On the 23rd and 24th of May I’ll be playing my music at the Jazz Gallery with an eight piece group featuring the Sirius Quartet. I’m excited to be playing some new music as well as some older music that we had a played for my Jazz Gallery residency in April of 2012 – you can watch part of this show here: www.youtube.com/watch?v=Tl3rSvG_6j4.
The group will be slightly different – featuring pianist Matt Mitchell (who I’ve had the opportunity of playing with quite regularly with the Dave Douglas Quintet) fellow Manhattan School graduate – Sara Caswell and drummer Ches Smith. Ches is featured on Matt’s duo record “Fiction” and we’ll be playing one of Matt’s etudes from that album orchestrated for this group. The other members include Greg Ward on alto/soprano saxophones, Fung Chern Hwei on violin, Ron Lawrence on viola and Jeremy Harman on cello.
In December last year I had played at the Beijing Jazz Festival with saxophonist Jaleel Shaw and spent a bit of extra time checking out the scene there. While I was there, I asked vocalist Jen Shyu about some traditional musicians to check out and she gave me some excellent recommendations. I was lucky enough to meet a great musician – Liu Yu (刘禹) who welcomed me into his home and sung for me with his father playing sanxian. I also sat in at a community workshop conducted by Liu Yu and Jen’s teacher – Professor Zhang.

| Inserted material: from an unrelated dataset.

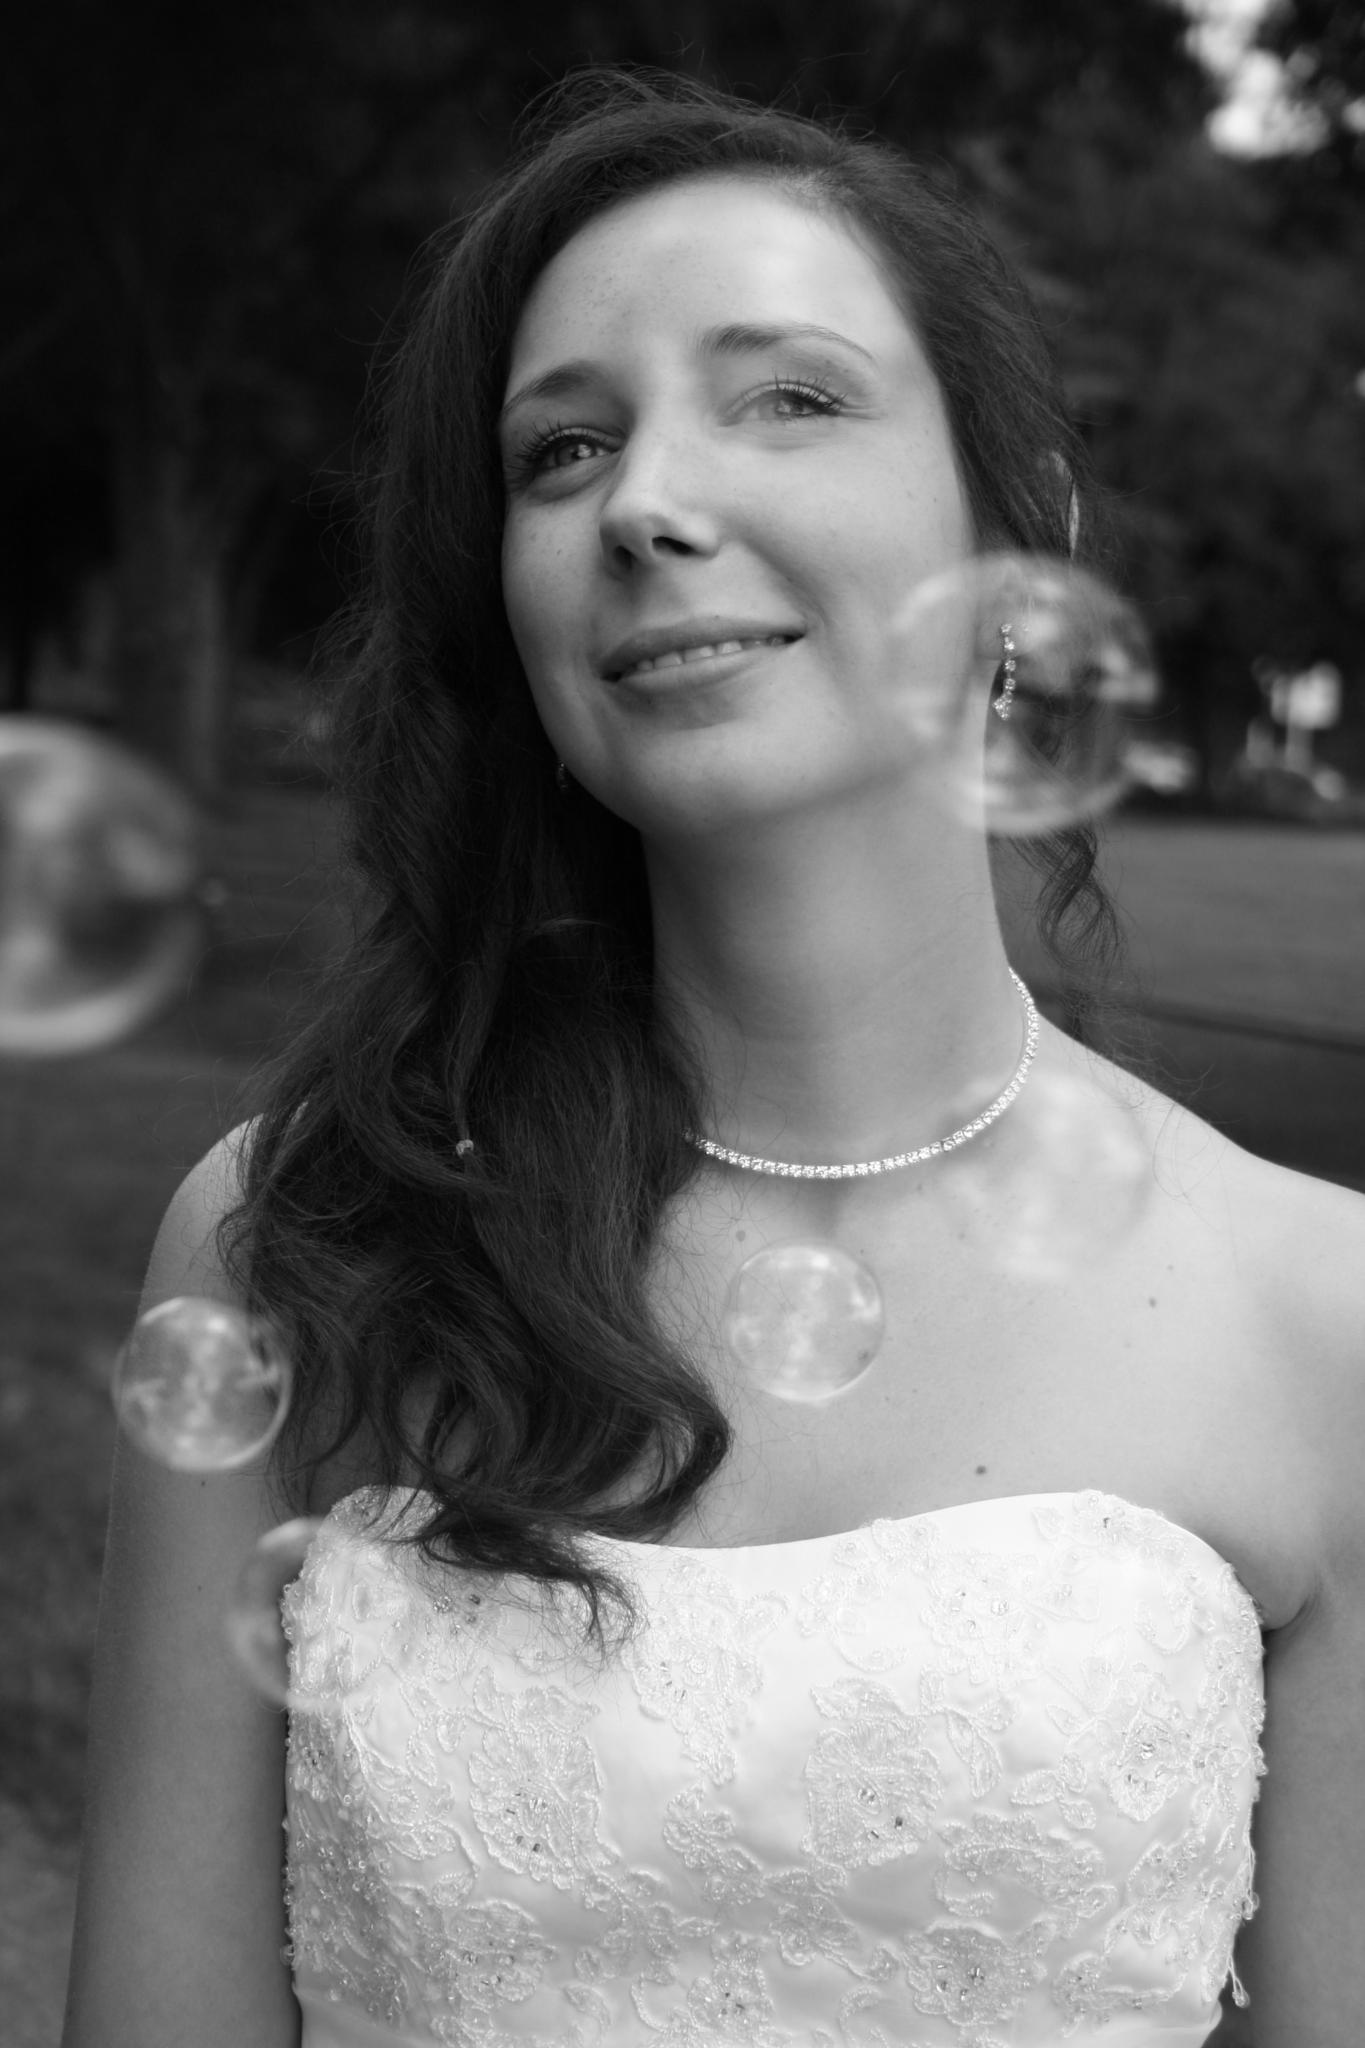 Wedding by felicia.vanmelsen

The genre of shuo chang (说唱- literally “speak sing”) is something I know very little about, but I was so moved and impressed with the attention to detail. One thing I’ve noticed when listening to recordings of shuo chang and learning some of the melodies was how it strengthens a different part of melodic memory. So many of these melodies are long strings of notes, in many cases using a limited palette of notes within one main key and no time signature.
Also, I know it would require a higher level of Mandarin to really get deeper into this music – my “restaurant” level of Mandarin only gets me so far, so I’m working on it. So much of this music is in the story telling.
On the 23rd and 24th we’ll be playing some new material including a piece based on some melodic material from a traditional shuo chang piece “Song Yue Rao” or “Moon in the Pines” (松月绕).
Another new piece we’ll be playing is called Deep Sea Dancers – inspired by the long strings of melodic material from some of the shuo chang I’ve been listening to. We played this piece with the Sun Pictures Quartet on our West Coast tour in April and I’m glad that I managed to finish orchestrating it for this group.
We’ll be playing an arrangement of Charlie Parker’s Au Privave as well – this was kind of a bit of an experiment with what I could do with limited note choices.
The restriction with this arrangement, was to have the strings (including bass) to play the melody of Au Privave in any rhythm, octave jumping is allowed, but you have to stay in the same key (didn’t have to be F, in fact Violin I and Cello are in C, Violin II is in Ab and Viola is in Eb). The piano plays the composite melody while alto plays the bass rhythm but outlining the harmony. Here’s a screenshot of the first few measures.
Anyways, enough nerdiness, hope to see you there at the Jazz Gallery.